**YOUR GOAL:** Verbatim copy without images: return all of the data as it stands.

**THE DATA:**
[Start of section]
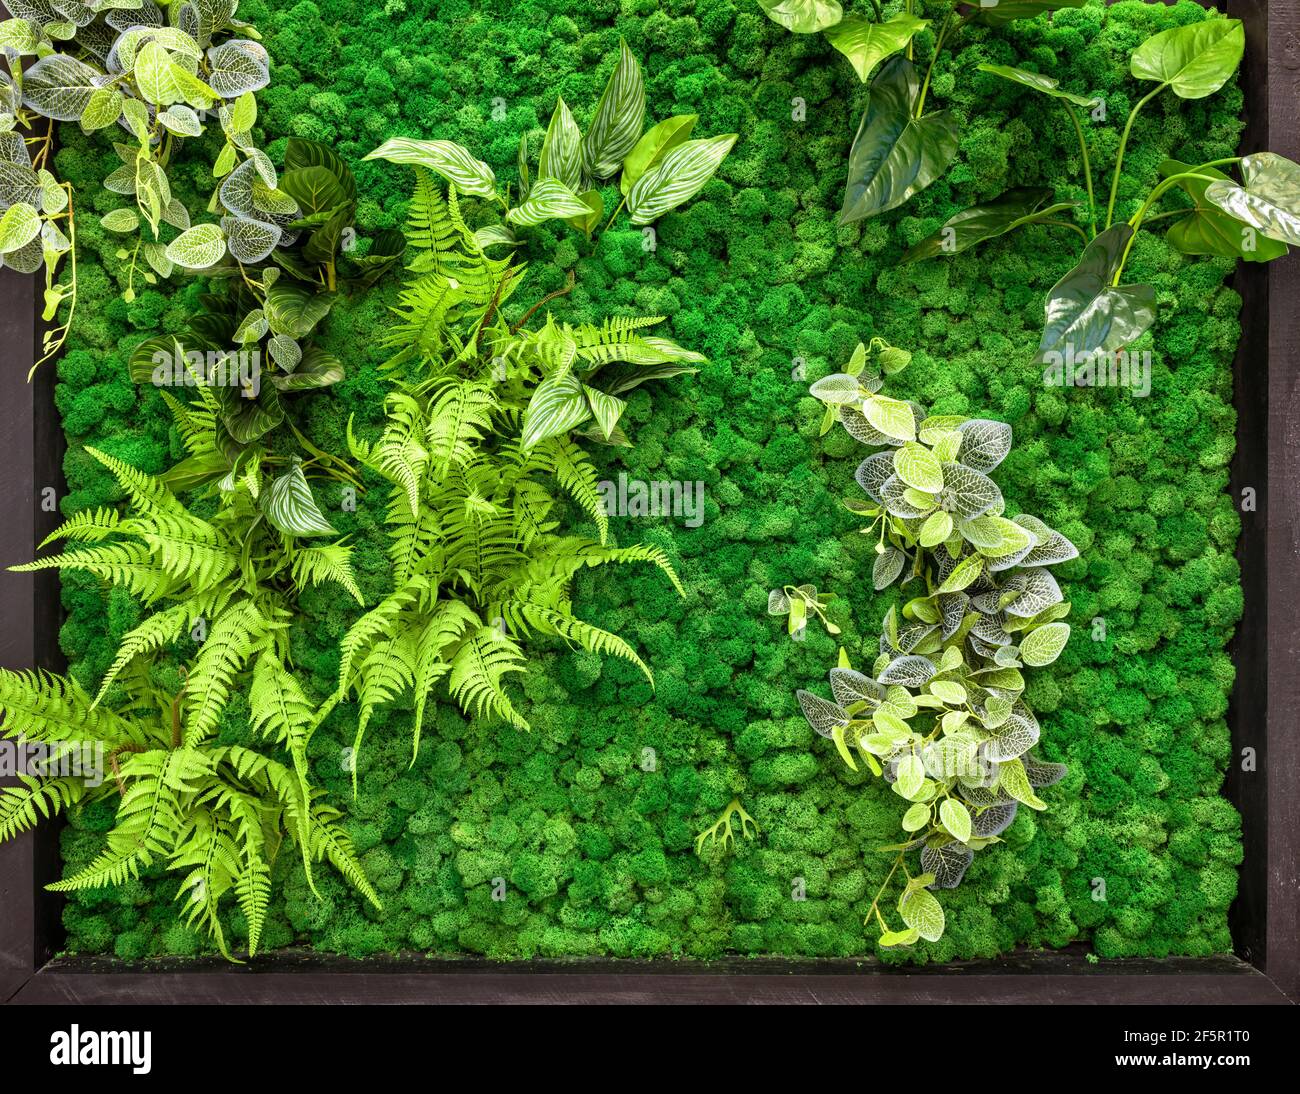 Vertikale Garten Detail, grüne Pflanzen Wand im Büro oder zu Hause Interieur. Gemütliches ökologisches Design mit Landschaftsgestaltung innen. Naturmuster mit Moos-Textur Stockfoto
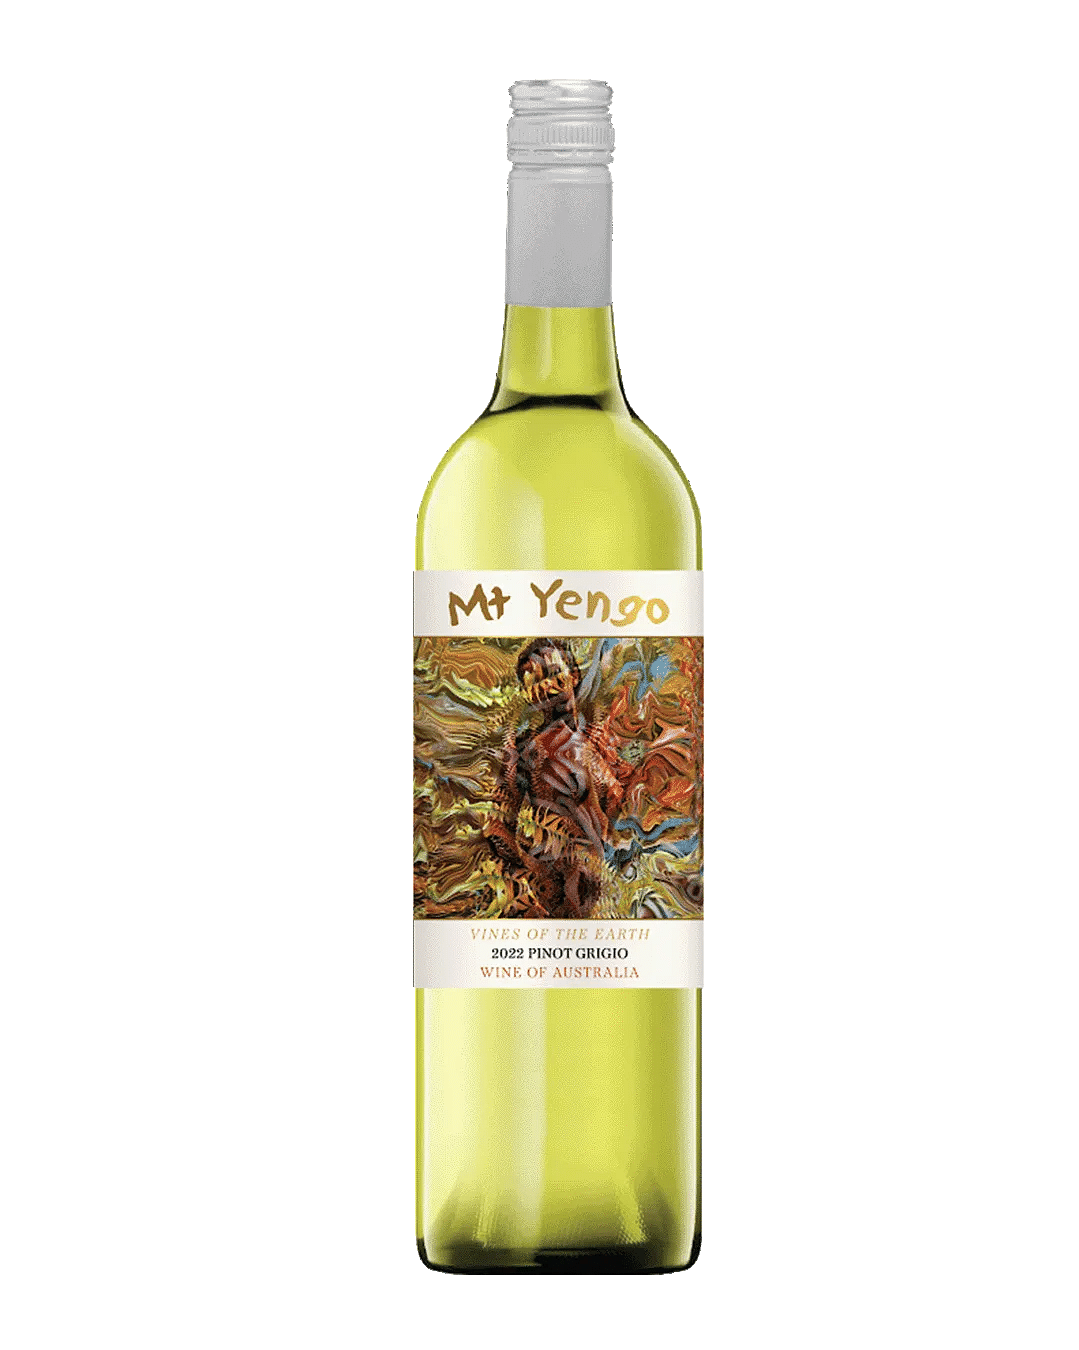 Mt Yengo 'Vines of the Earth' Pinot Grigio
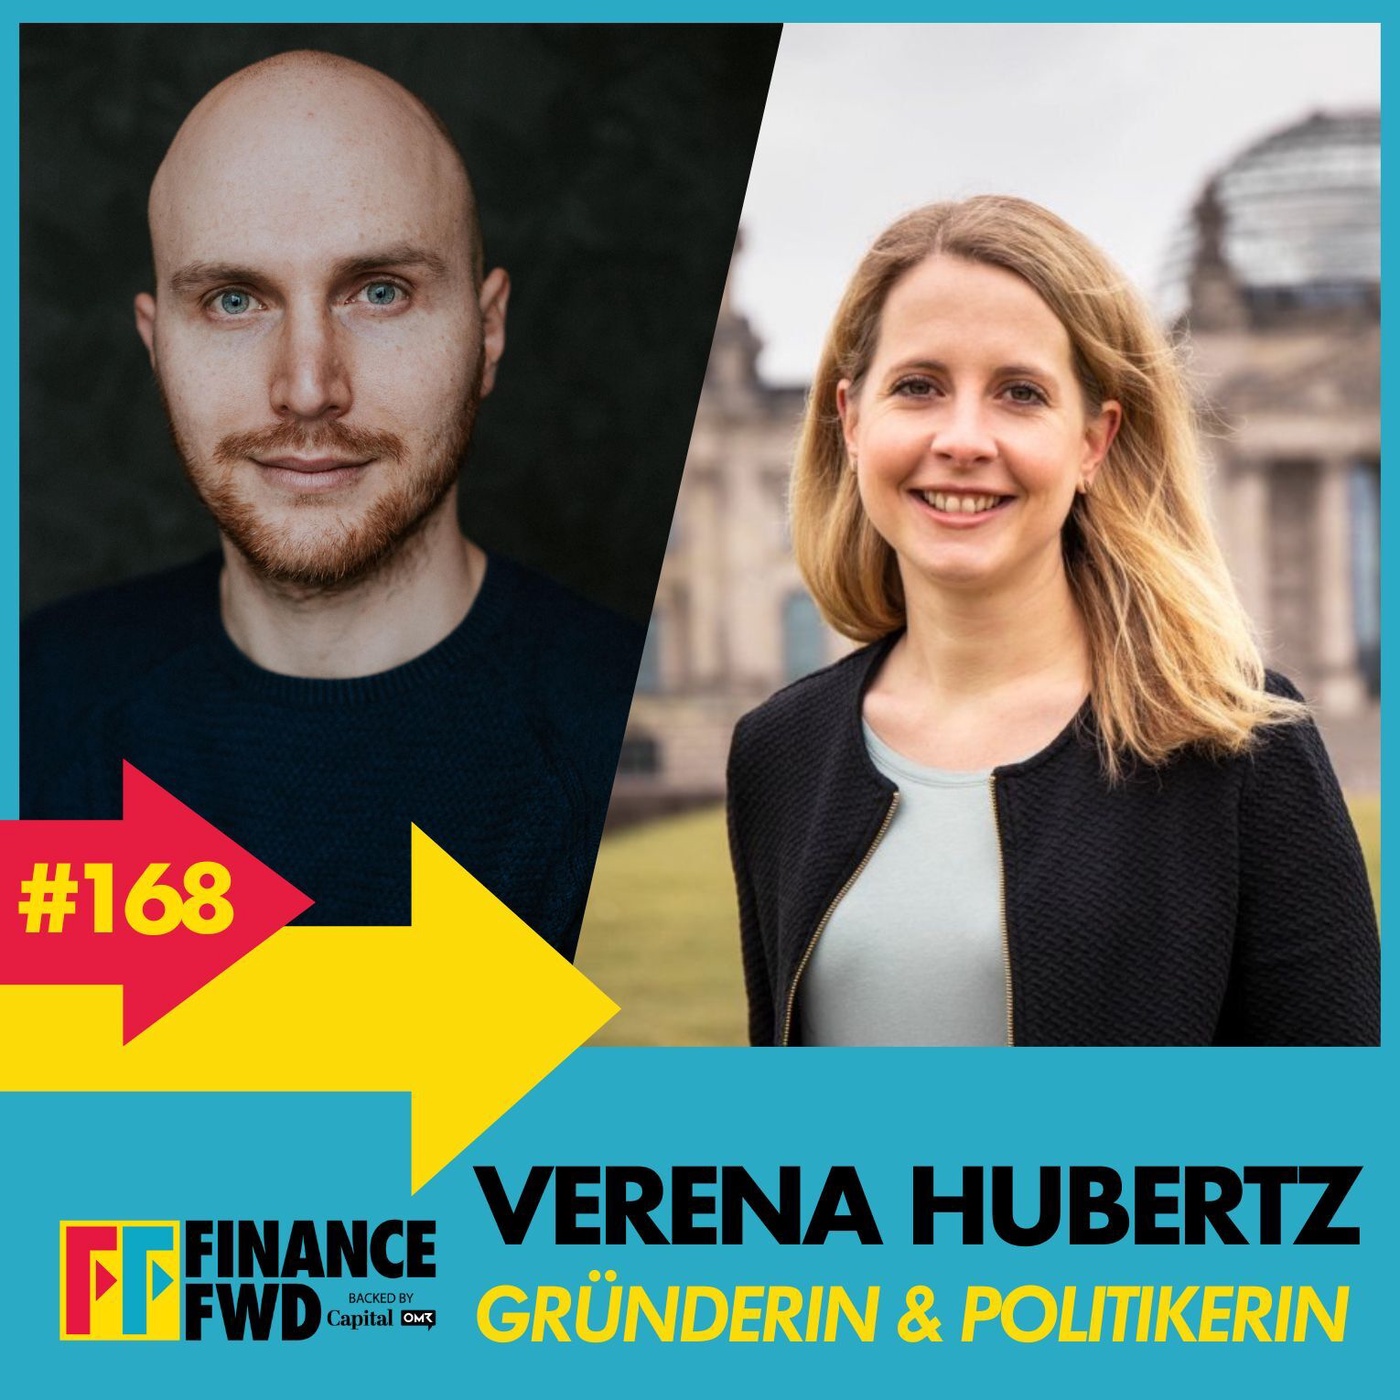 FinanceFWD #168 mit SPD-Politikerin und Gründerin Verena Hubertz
[End of section]
**RESPONSE AREA:**
 Vertikale Garten Detail, grüne Pflanzen Wand im Büro oder zu Hause Interieur. Gemütliches ökologisches Design mit Landschaftsgestaltung innen. Naturmuster mit Moos-Textur Stockfoto
 Mt Yengo 'Vines of the Earth' Pinot Grigio
 FinanceFWD #168 mit SPD-Politikerin und Gründerin Verena Hubertz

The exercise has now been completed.